Any Certified Financial Planner (CFP) worth hiring will tell you that the 1st step to financial security is an Emergency Fund, capable of covering 6 months of living expenses.

Six months of real Emergency Supplies is also a reasonable stockpile, in the event of a worst case scenario.


----------



## Sentry18 (Aug 5, 2012)

> Any Certified Financial Planner (CFP) worth hiring will tell you that the 1st step to financial security is an Emergency Fund, capable of covering 6 months of living expenses.
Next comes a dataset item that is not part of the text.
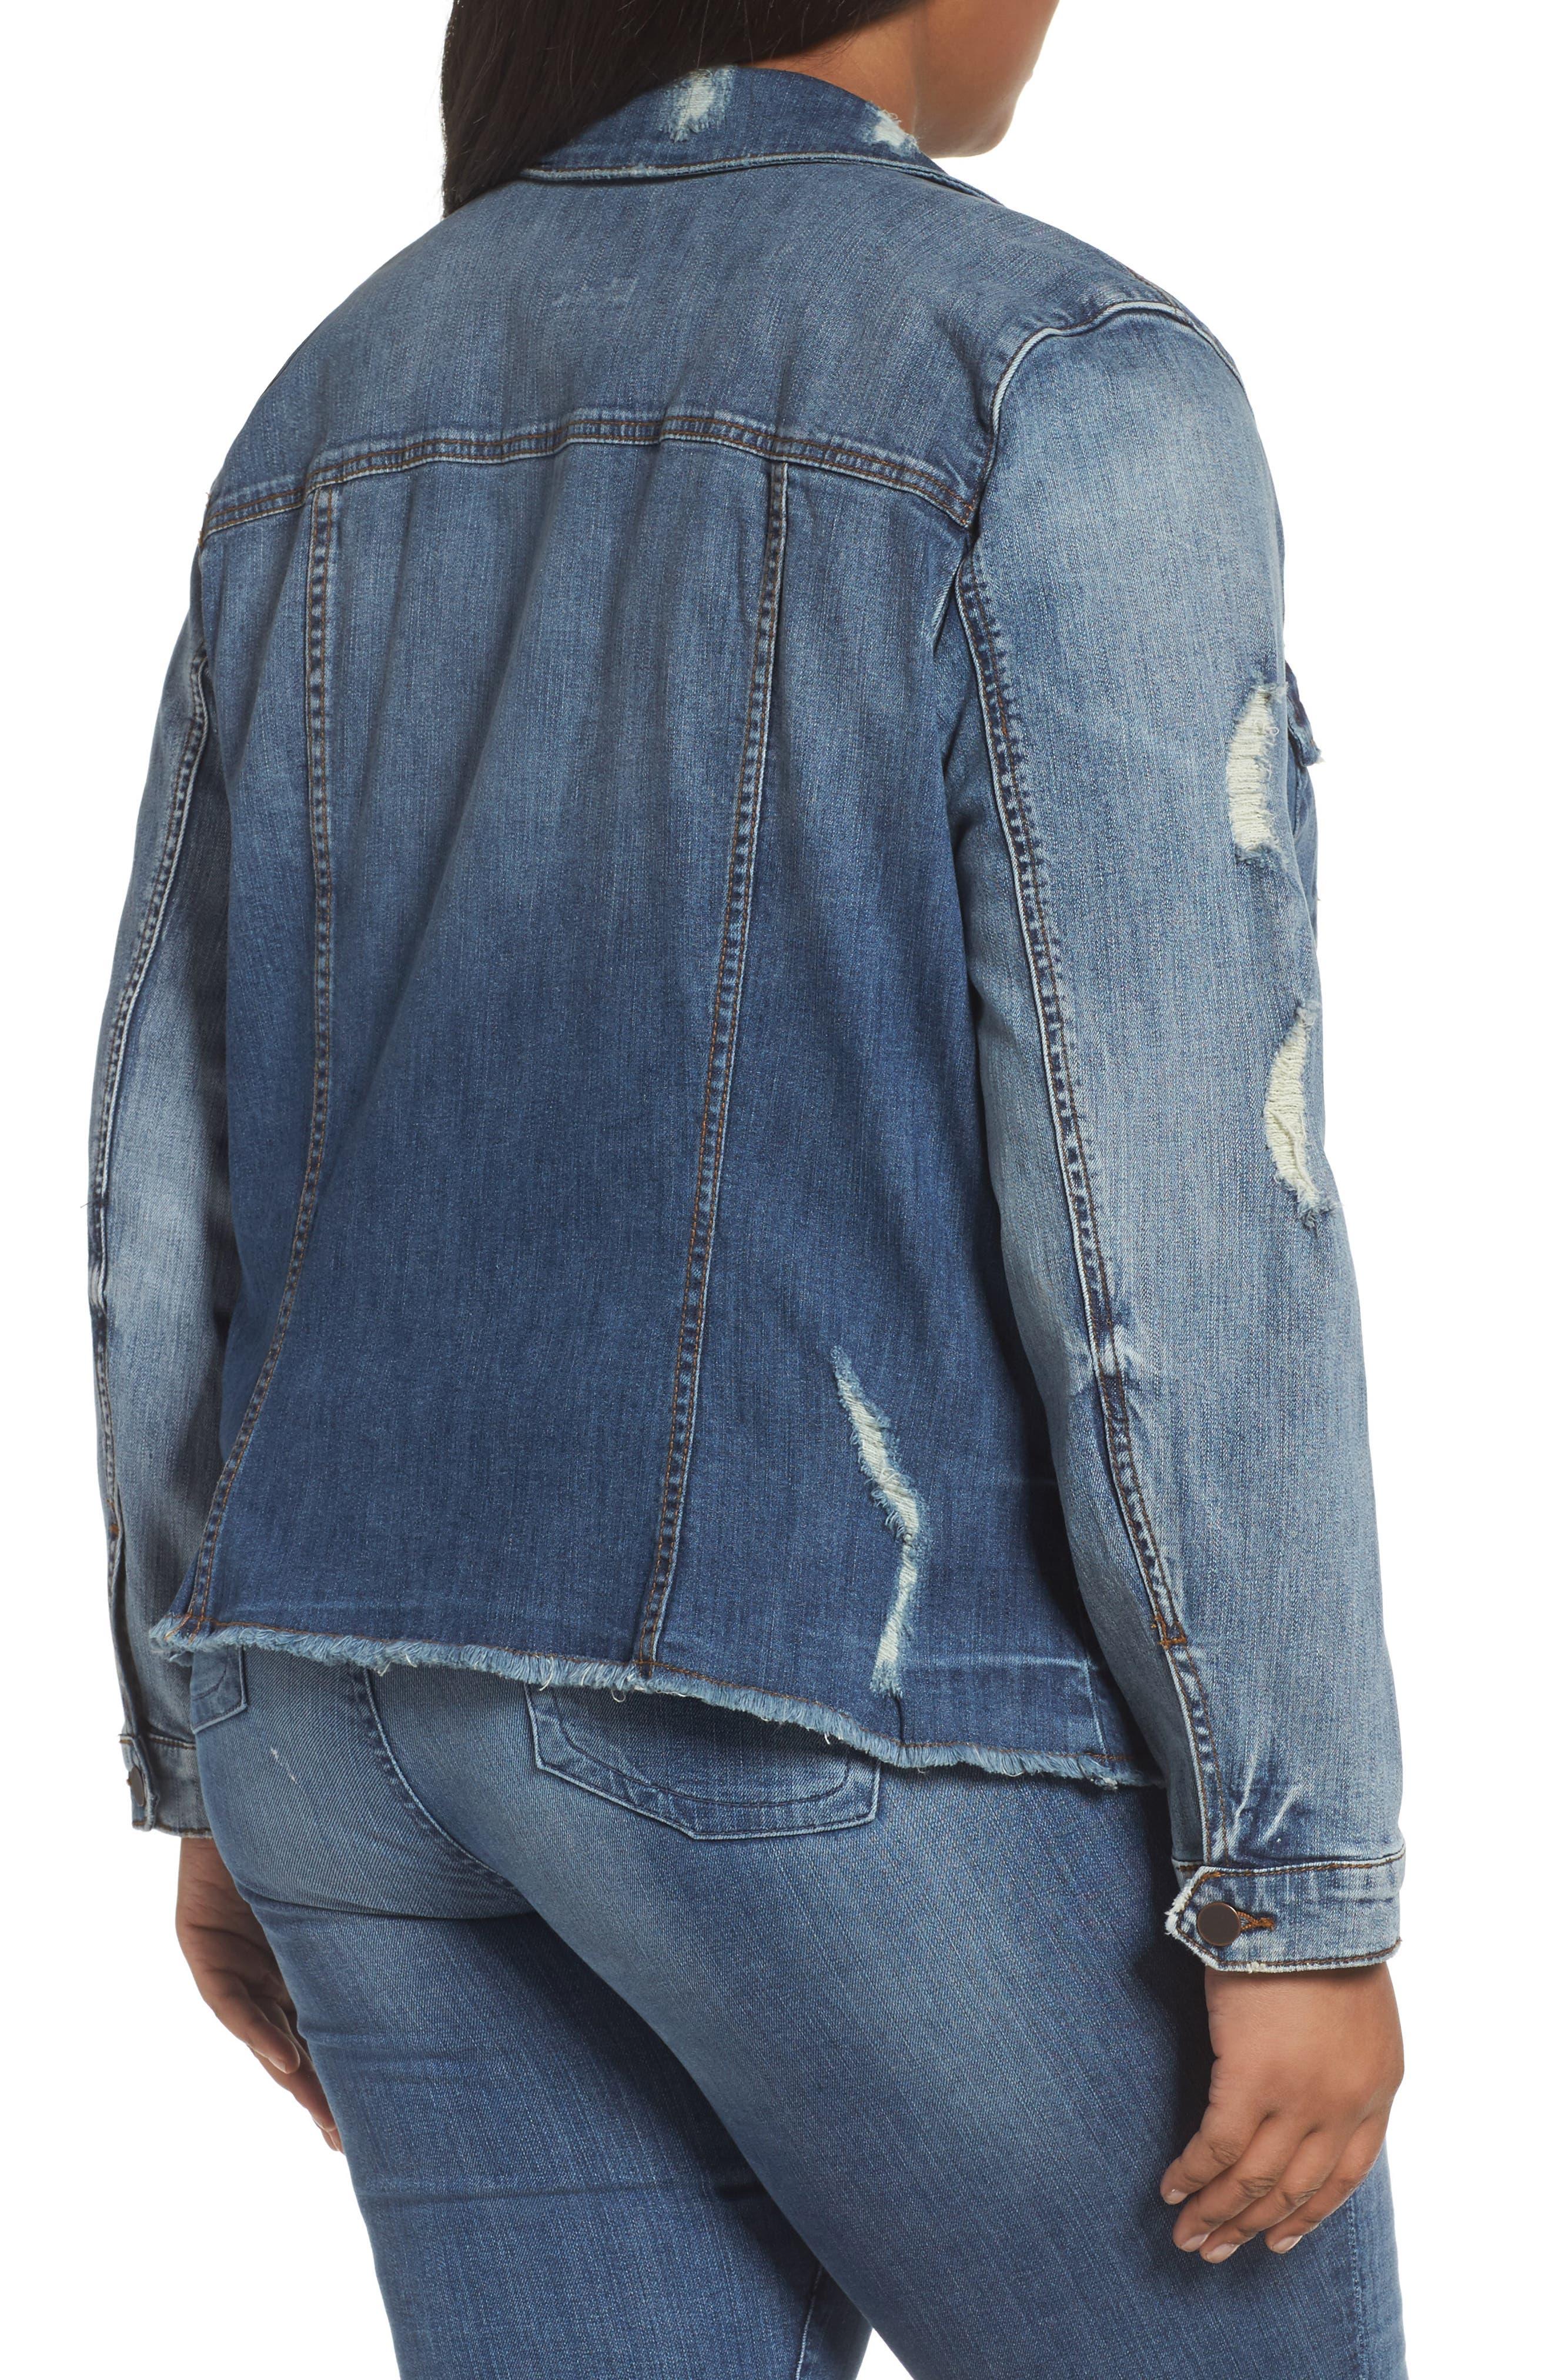 Distressed Denim Jacket,                             Alternate thumbnail 2, color,                             400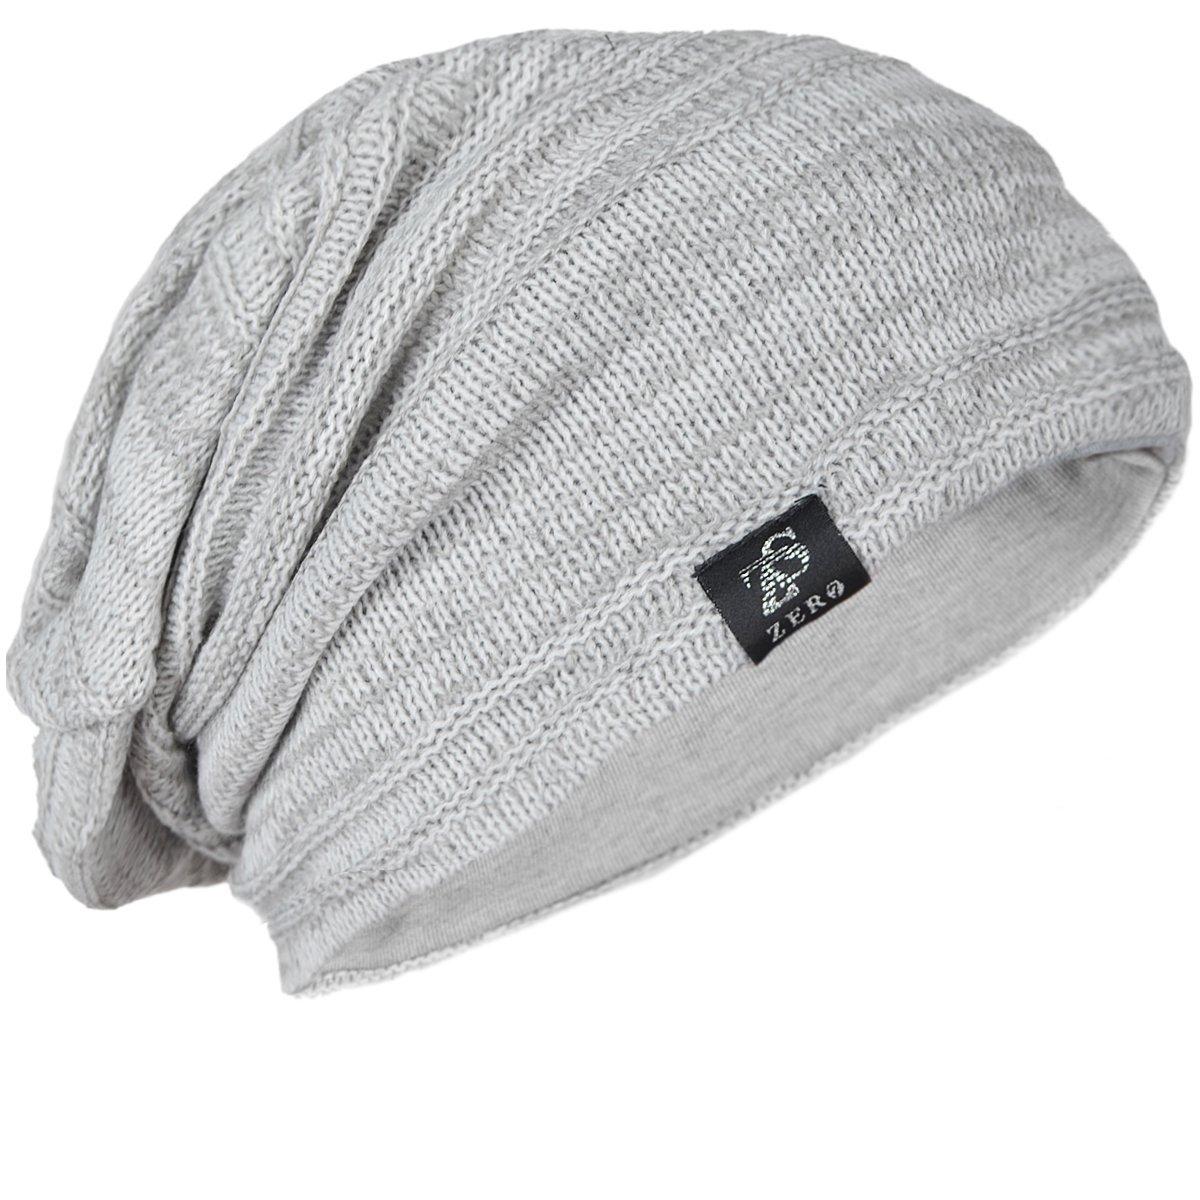 26846de9243fa9 Z&S Vintage Men Baggy Beanie Slouchy Knit Skull Cap Hat (Light Gray with  White)

Maybe the US government needs to hire a CFP.


----------



## faithmarie (Oct 18, 2008)

Come what may... Macbeth


----------



## Gians (Nov 8, 2012)

"Congress shall make no law respecting an establishment of religion, or prohibiting the free exercise thereof; or abridging the freedom of speech, or of the press; or the right of the people peaceably to assemble, and to petition the Government for a redress of grievances."


----------



## Dakine (Sep 4, 2012)

Gians said:


> "Congress shall make no law respecting an establishment of religion, or prohibiting the free exercise thereof; or abridging the freedom of speech, or of the press; or the right of the people peaceably to assemble, and to petition the Government for a redress of grievances."


That's great, but... meanwhile back in D.C.



> CNSNews.com: "Madam Speaker, where specifically does the Constitution grant Congress the authority to enact an individual health insurance mandate?
> 
> Pelosi: "Are you serious? Are you serious?"
> 
> ...


These are the people that the left sends to Congress, and clearly, they DO NOT CARE... Not about us, not about the constitution, and not about the safety and well being of our nation.

Now Nancy may have lost her job as Speaker (a single tear rolls down my cheek) but that idiot was re-elected in possibly the most gerrymandered district in the Lame State of Kommiefornia, and so was that other idiot Harry Reid thanks to his union cronies bussing in the votes.


----------



## Gians (Nov 8, 2012)

Dakine said:


> That's great, but... meanwhile back in D.C.
> 
> These are the people that the left sends to Congress, and clearly, they DO NOT CARE... Not about us, not about the constitution, and not about the safety and well being of our nation.
> 
> Now Nancy may have lost her job as Speaker (a single tear rolls down my cheek) but that idiot was re-elected in possibly the most gerrymandered district in the Lame State of Kommiefornia, and so was that other idiot Harry Reid thanks to his union cronies bussing in the votes.


That's great, but... meanwhile...all politicians suck.


----------



## Dakine (Sep 4, 2012)

Gians said:


> That's great, but... meanwhile...all politicians suck.


Indeed. I'd like to put up an argument for some of the "good" ones, but I'll bet if their voting records were truly scrutinized they're just as bad as everyone else at some point.


----------



## SouthCentralUS (Nov 11, 2012)

Senator Coburn is a good one. Check out his lists he has made for several years of government waste.


----------



## tsrwivey (Dec 31, 2010)

Gians said:


> That's great, but... meanwhile...all politicians suck.


Not all. We are blessed to have Louie Gohmert representing us. Now if we could just clone him...


----------



## LincTex (Apr 1, 2011)

tsrwivey said:


> Not all. We are blessed to have Louie Gohmert representing us. Now if we could just clone him...


Ted Cruz For The Win!!!!


----------



## readytogo (Apr 6, 2013)

Tribal Warlord Thug said:


> the old cuban guy nails it at around 7:40..............."you people don't know what freedom is......because you have never lost it"..........we are soon going to find out........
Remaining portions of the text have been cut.